EXPLORER caused an invalid page fault in
module DLNDI.DLL at 015f:10017d00.
Registers:
EAX=01427c44 CS=015f EIP=10017d00 EFLGS=00010246
EBX=00000000 SS=0167 ESP=0141f82c EBP=01427c78
ECX=01427c44 DS=0167 ESI=00000003 FS=2edf
EDX=00007500 ES=0167 EDI=00000000 GS=0000
Bytes at CS:EIP:
8b 02 3a 01 75 2e 0a c0 74 26 3a 61 01 75 25 0a 
Stack dump:
1000a7ae 00007500 01427c44 bff92be9 00000090 00000000 0000000c 00000008 00000003 00000000 d82be2b0 11d05764 c0006ea9 a205d74f 001c0022 0000010a


----------



## Pacalis (Sep 8, 2003)

Hello ;Please run the following program to remove your malware. Check "I know what I'm doing"

http://www.cexx.org/lspfix.htm


----------



## Richter915 (Jul 18, 2003)

thanks for the program but how do I use it?


----------



## Richter915 (Jul 18, 2003)

also...what are DuCNDI.DLL and DlNDI.DLL? I ran ad-aware and both of these came up as problematic but I can't remove either of them because they are currently being used. I know DlNDI.DLL is causing a problem for explorer during the boot up process. Both of these files are found in the c:\windows\system...please help me and how can I remove these files? thanks.


----------



## Pacalis (Sep 8, 2003)

You need to d/l the lsp fix then unzip it.

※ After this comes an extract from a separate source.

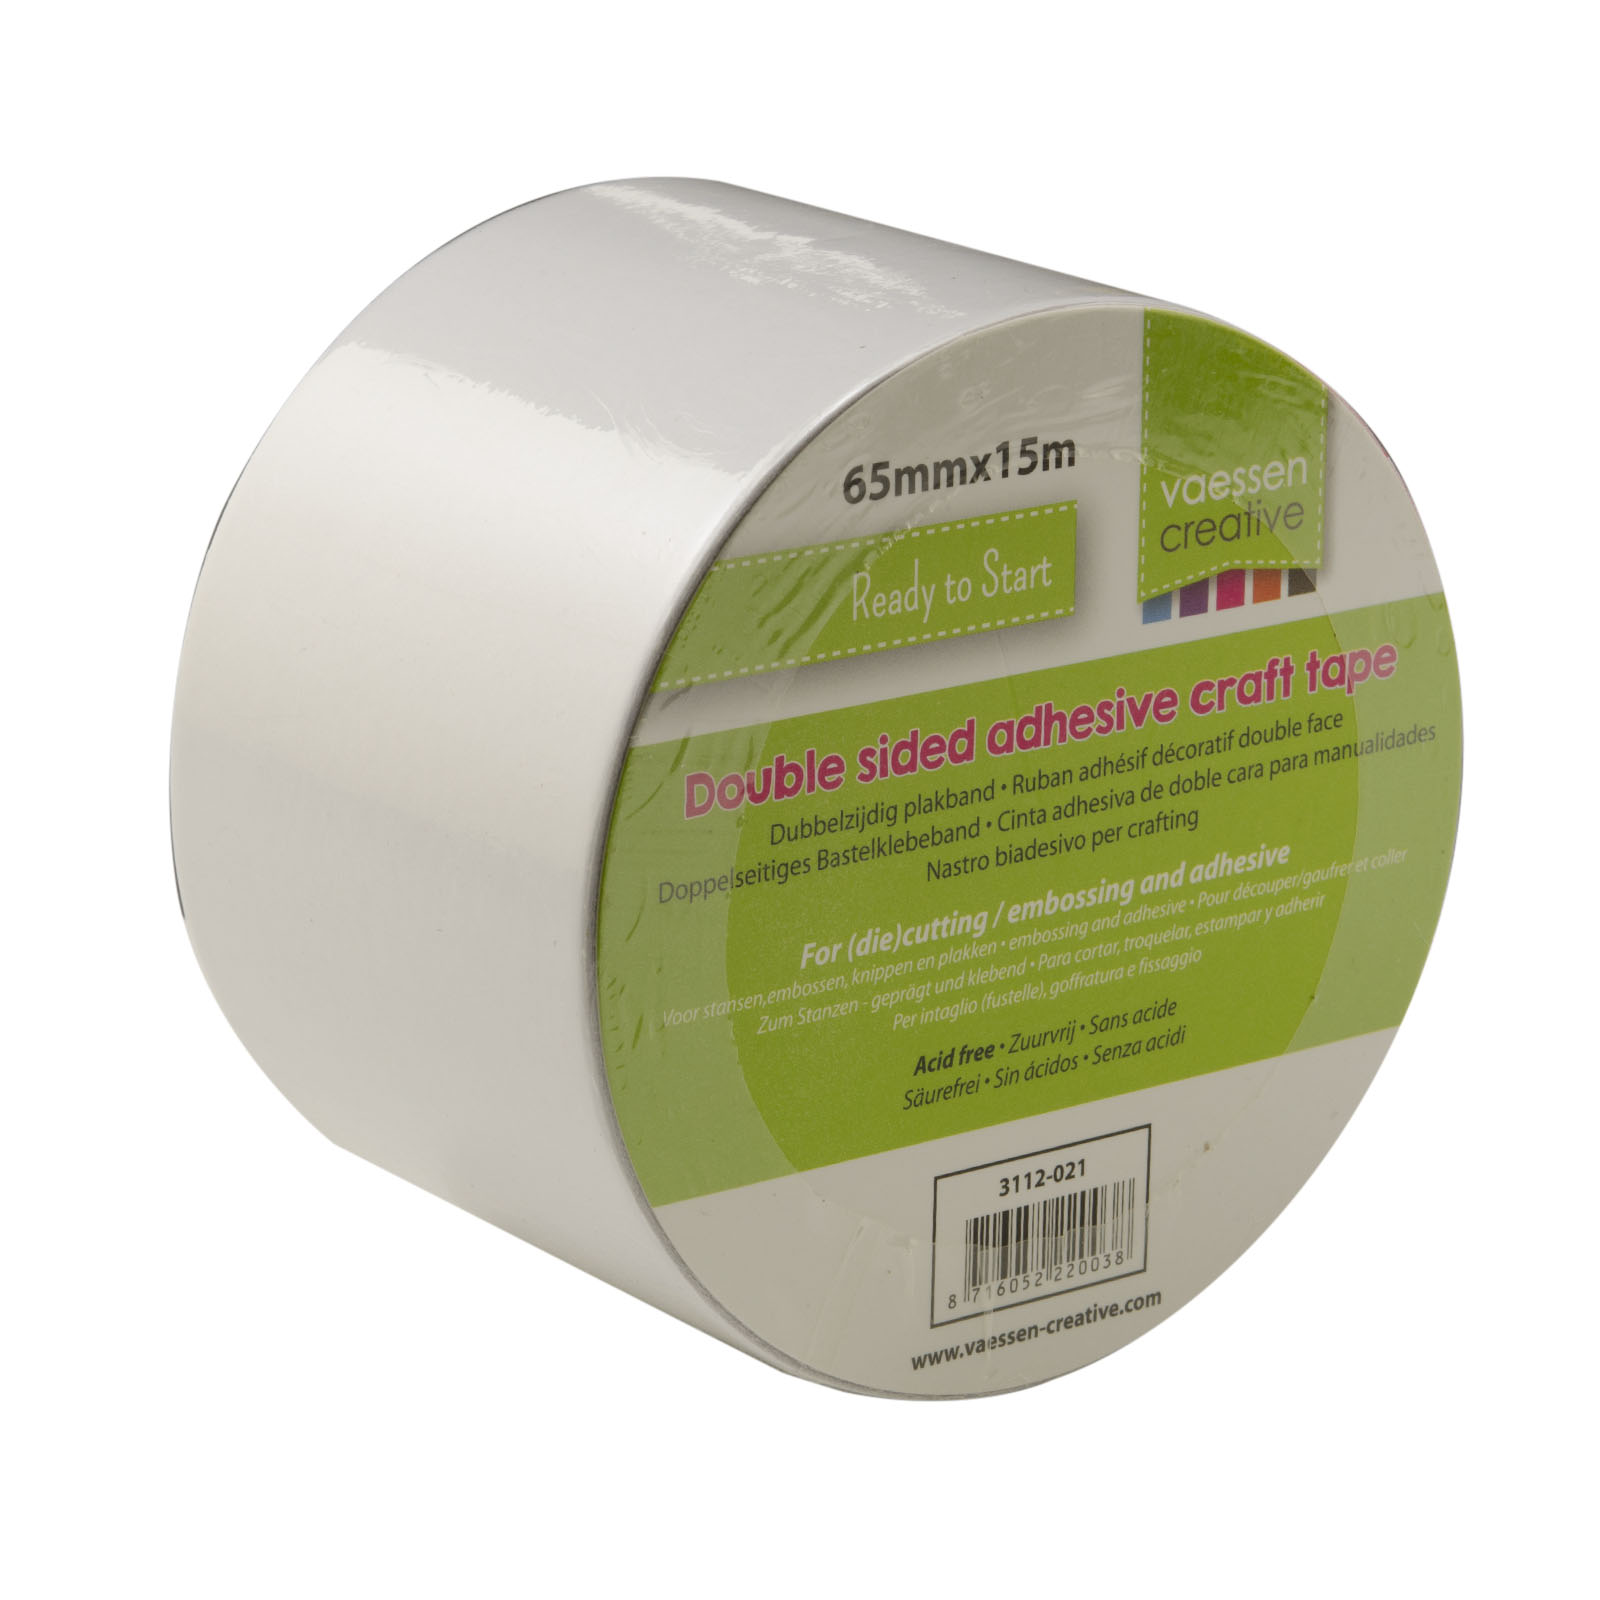 Vaessen Creative • Double-sided adhesive tape 65mmx15m
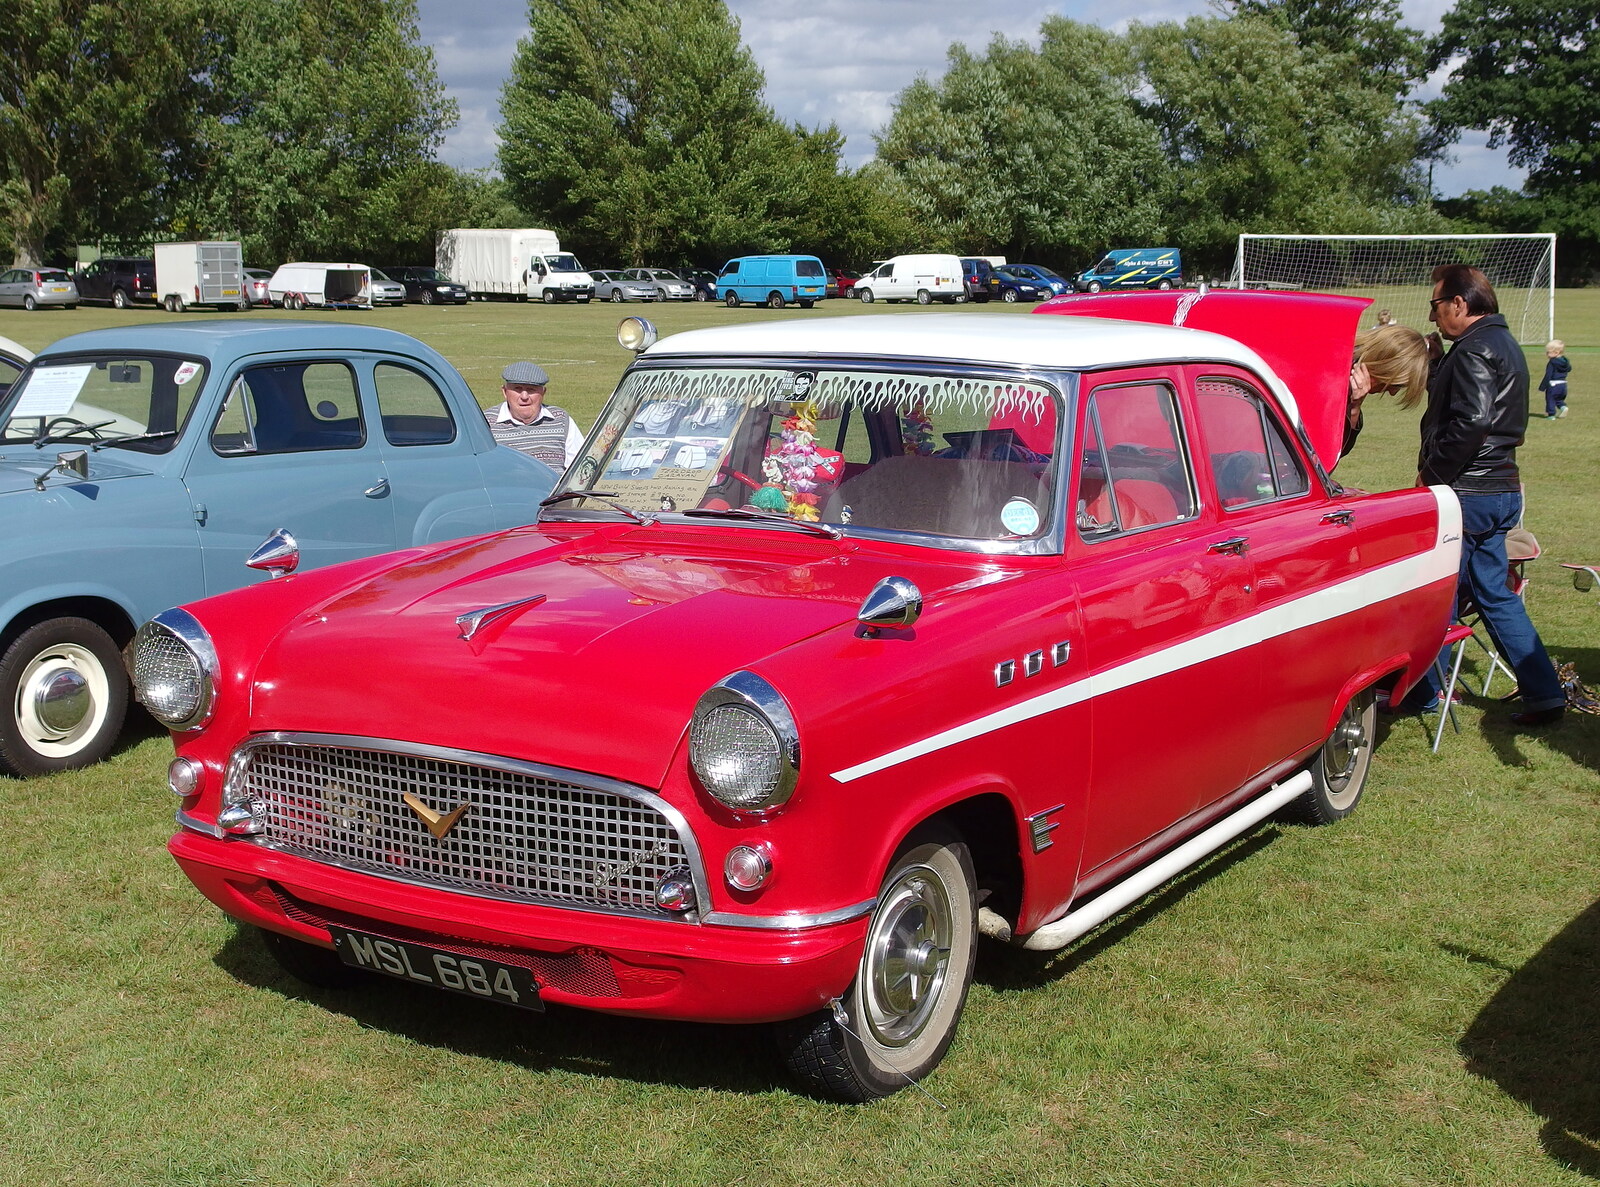 A red Chrysler from Stradbroke Classic Car Show, Stradbroke, Suffolk - 7th September 2013

Your other two dll's are LOOK2ME & KILL2ME related to fix these................ http://www.spywareinfo.com/~merijn/files/kill2me.zip. 
Save it to your desktop, unzip it and let the program run.


----------



## Richter915 (Jul 18, 2003)

ok I downloaded that but as usual...I'm still getting random pop ups and the explorer error is still there...thanks though for the programs.


----------



## Pacalis (Sep 8, 2003)

OK ; Please run the two online Virus Scans at the bottom of this Post and then run the Hijack This , open it to it's own folder,make no changes and Post it in the Securities Forum.


----------



## cybertech (Apr 16, 2002)

Post your current log.


----------



## Richter915 (Jul 18, 2003)

here is my current log though I have experienced no problems today...no more random pop ups and no more illegal operation for explorer...though if I can clear out anything else please share...thanks a lot for all of your help.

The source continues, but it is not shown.